* _Task brief_: The answer should be the exact lines from the line containing "First shade of" through the last line of the material below, with no pictures.

* _Dataset extract_:
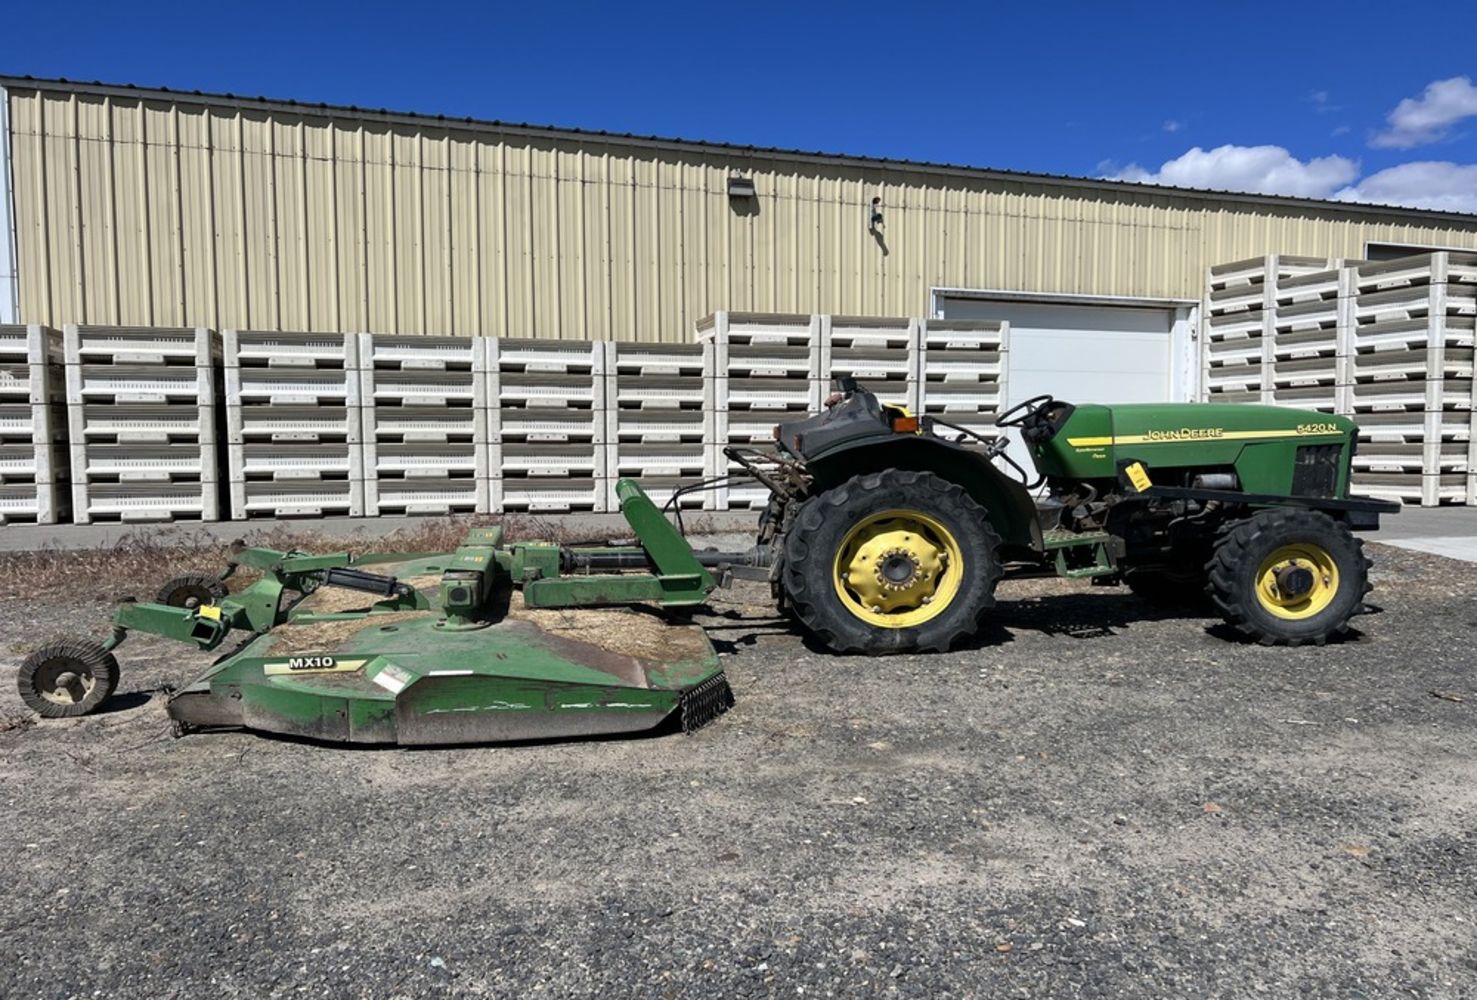 Complete Wine Processing & Agricultural Equipment Sale
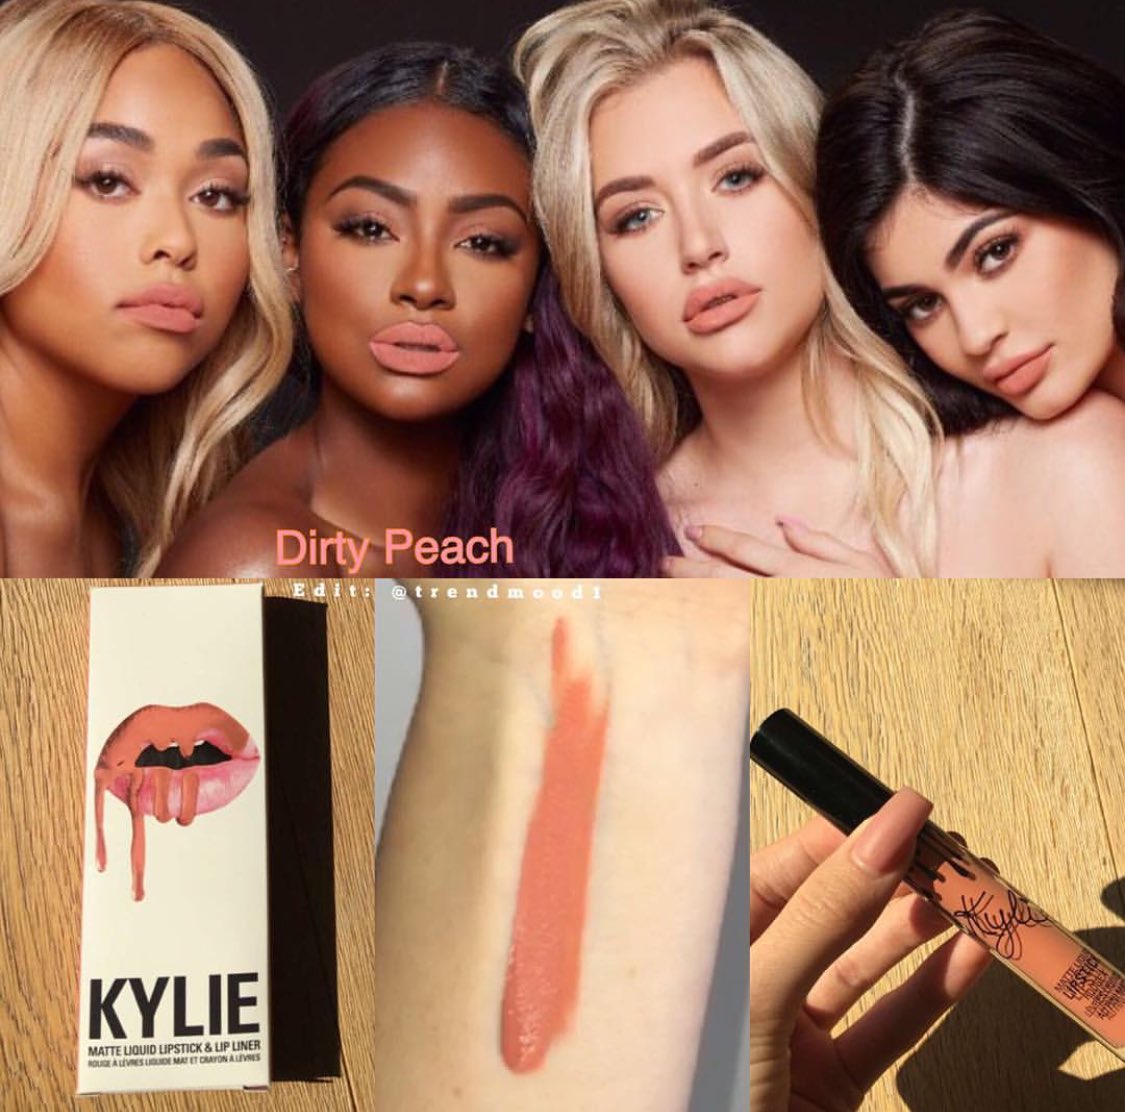 First shade of kylie's new matte lip kits: Dirty Peachpic.twitter.com/...
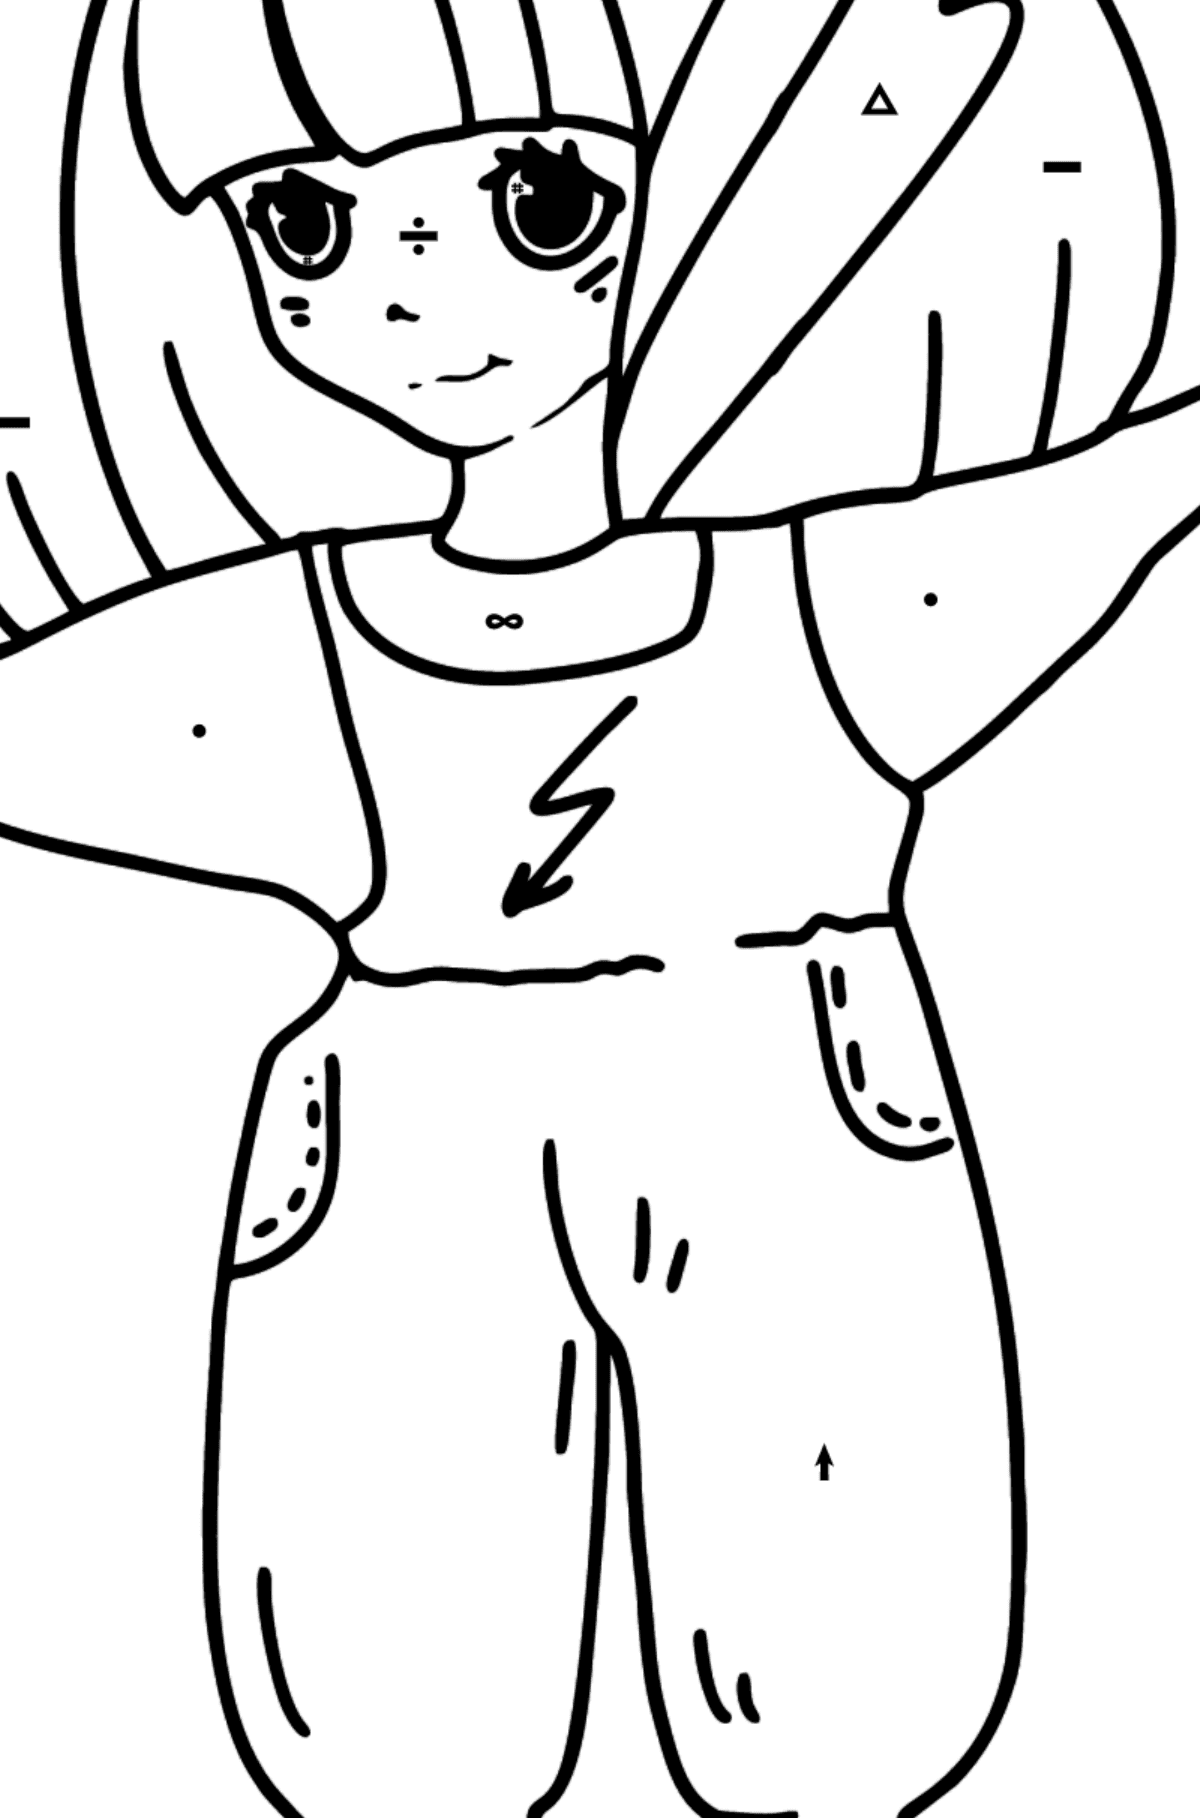 Thunder Anime Girl Coloring Pages - Coloring by Symbols for Kids

* _Response to the exercise_:
 First shade of kylie's new matte lip kits: Dirty Peachpic.twitter.com/...
 Thunder Anime Girl Coloring Pages - Coloring by Symbols for Kids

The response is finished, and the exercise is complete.